Sounds a basic question but we have seen several well intentioned AI projects stall as objectives get blurred. Can AI effect operational efficiency and cost reduction or is it a true driver of revenue growth for businesses?

To enhance the success of your AI project it should be clear whether you are addressing process automation (or what the market terms RPA – Robotic Process Automation) or AI.

Both are hugely important to business success and although they are surely converging they come from different perspectives.

RPA in industry goes way back with machines performing repetitive tasks. In an IT context it originated around data entry techniques and back to the days of ‘screen scraping’ of visual data and converting into a digital format to be automatically entered into backend systems. Nowadays RPA is key to operational efficiency in many industries, for example in financial services, client onboarding, invoicing, rate change uploads all use RPA techniques to improve efficiency and lower cost.

With AI however, the process continues to learn based on its outputs so each subsequent output becomes more reliable. It is applied to marketing and sales analysis, forecasting and continuous analysis of unstructured data from a variety of internal and external inputs and can analyse social media sentiment.
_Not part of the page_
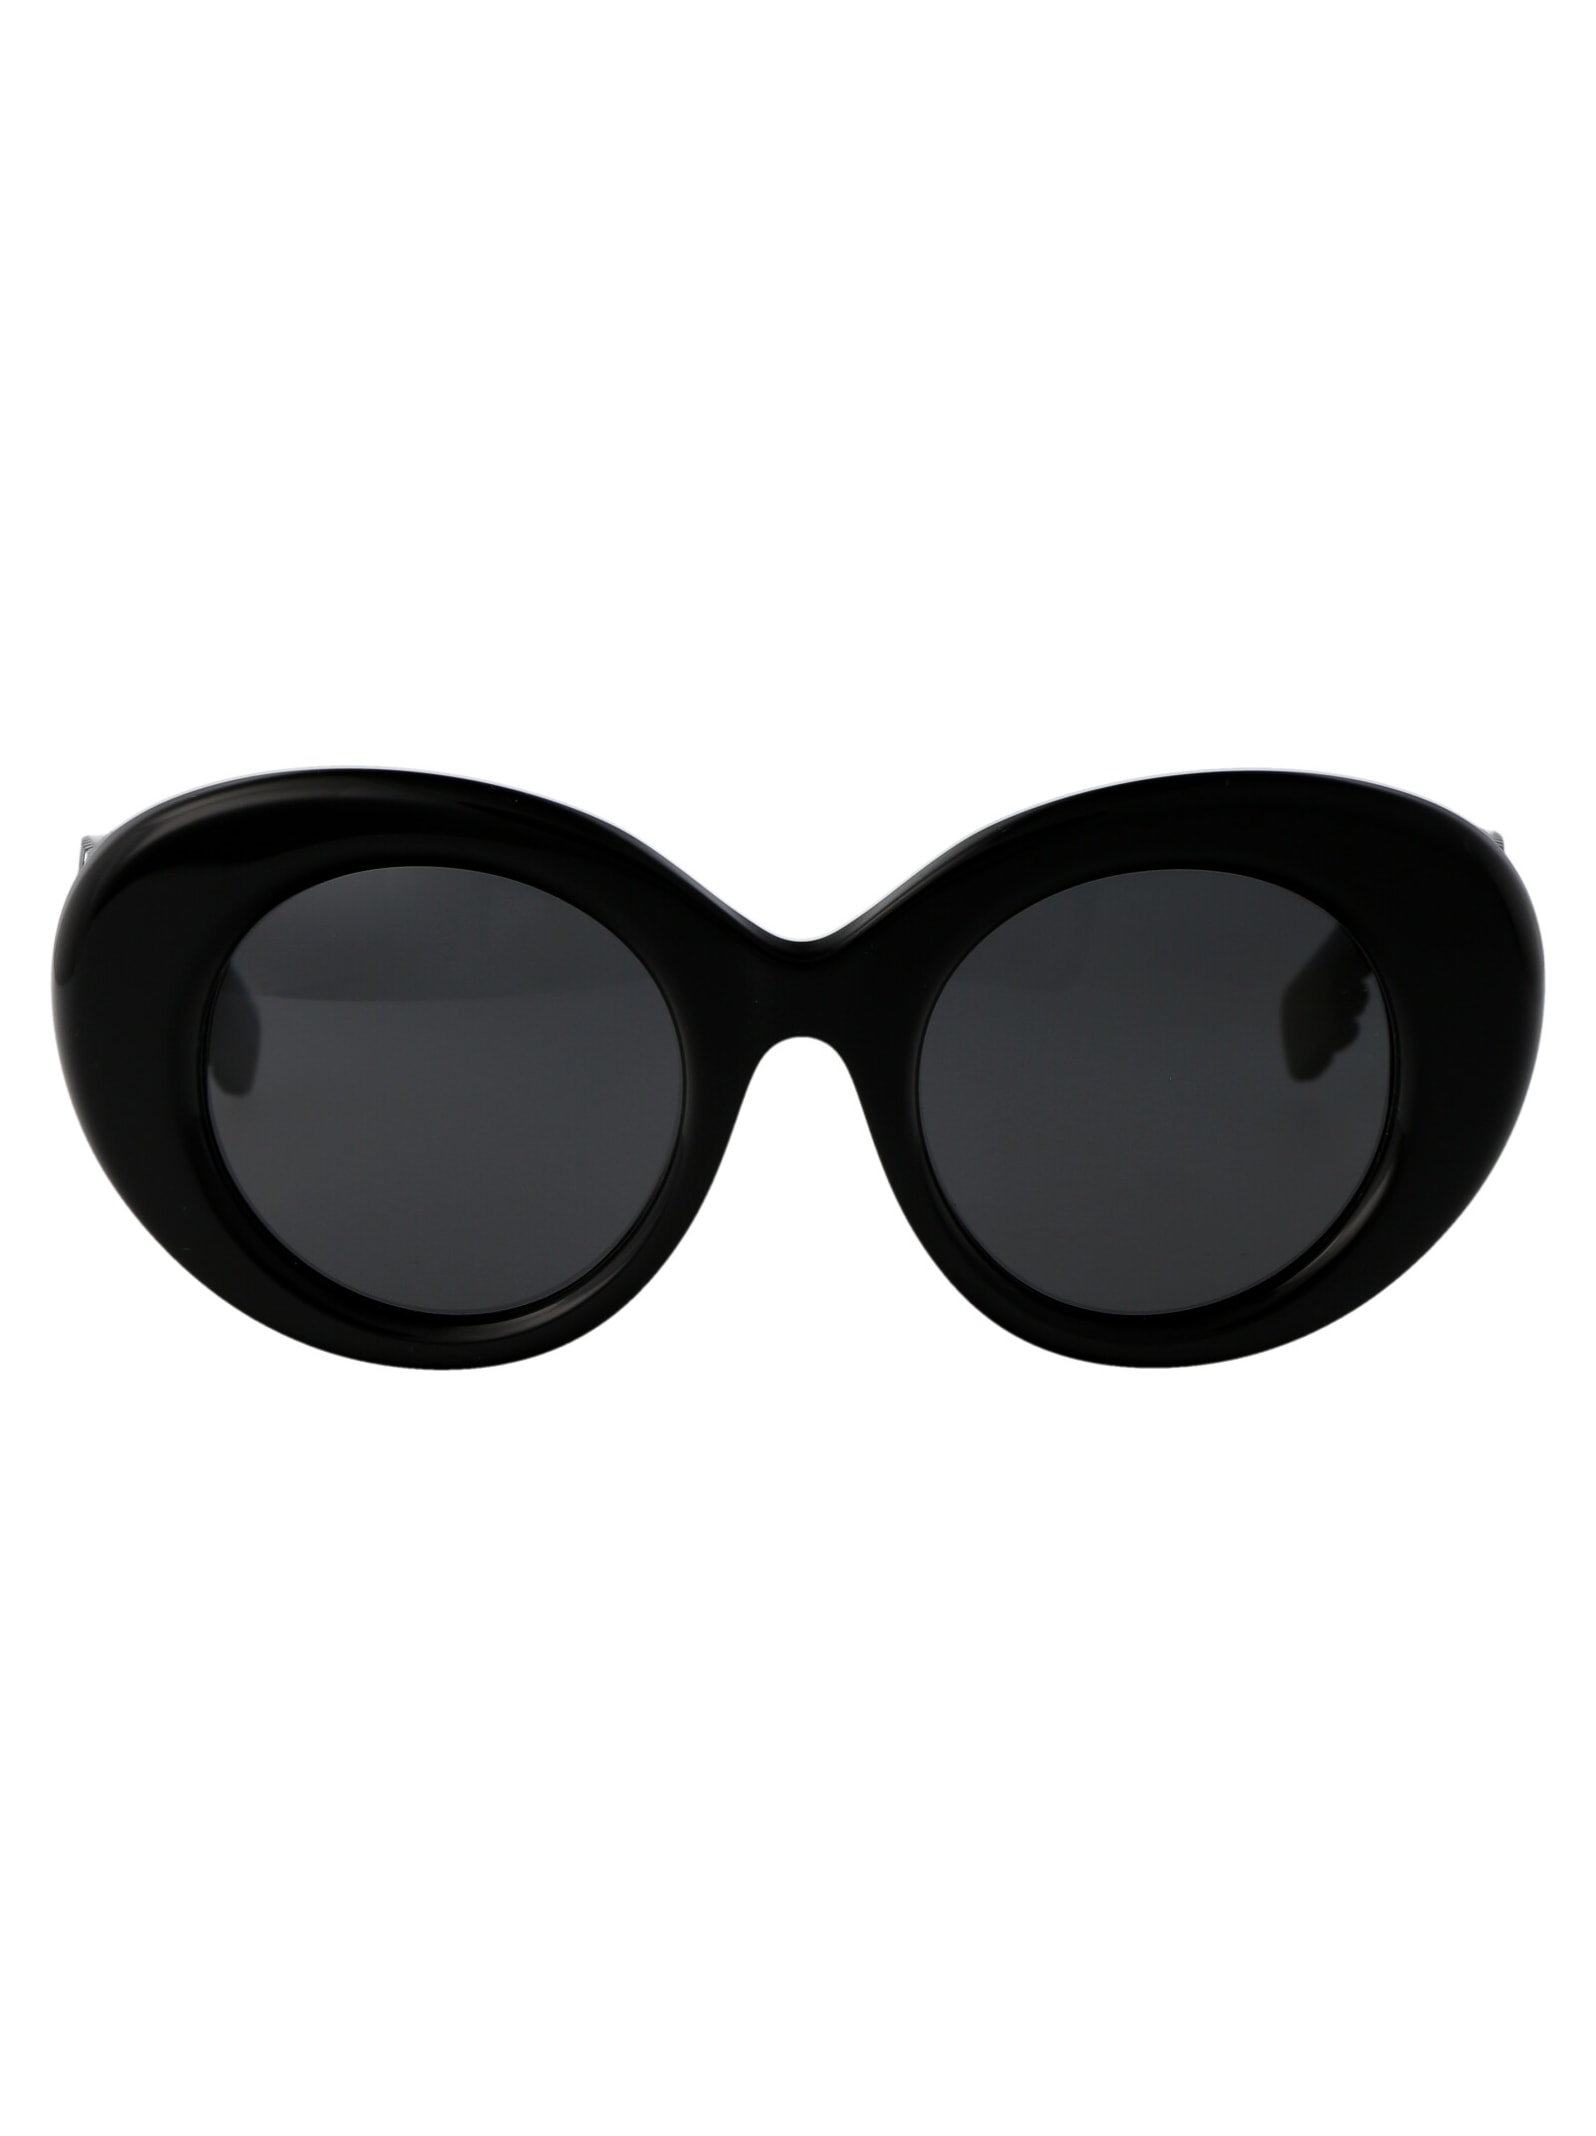 Burberry Eyewear Margot Sunglasses

Consequently, AI is more associated with revenue generation either directly by accurately predicting customer behaviour or in a softer context by improving the customer experience so they return and recommend others.

Businesses tend to expect the following benefits from AI:

  • Better data accuracy to enable informed operational or client decisions (decision making based on data not opinion)
  • Better engagement with and improved productivity from a skilled workforce (how can the knowledge of a business that lies within an organisation be more productive)
  • More agile workforce
  • More client oriented insight and focus

Short term cost reduction comes a long way down the list though obviously a more streamlined client focused business with a highly productive agile workforce will be more cost effective in the longer term.

From our experience, the biggest obstacle to many AI projects is the perceived immediate business case. We have seen too many projects judged by traditional ‘business case’ techniques that have tried to focus on short term savings rather than the revenue growth and longer term objectives and also failure to measure the softer concepts such as client experience. To measure client experience here is an example, this week I bought 2 products from 2 retailers, lets call them Lewis and Ashley. Lewis can give me free delivery, 2 hour delivery slots and even call me on the way to say they have been warned of traffic ahead (nice use of RPA and AI) while Ashley charges me for delivery, tells me it will come sometime on Monday only for it to arrive sometime on Tuesday. Lewis gets my next order and my recommendation to friends.

So before looking which cloud service to deploy your AI proof of concept taking a moment to revisit your project focus will ensure a greater success rate.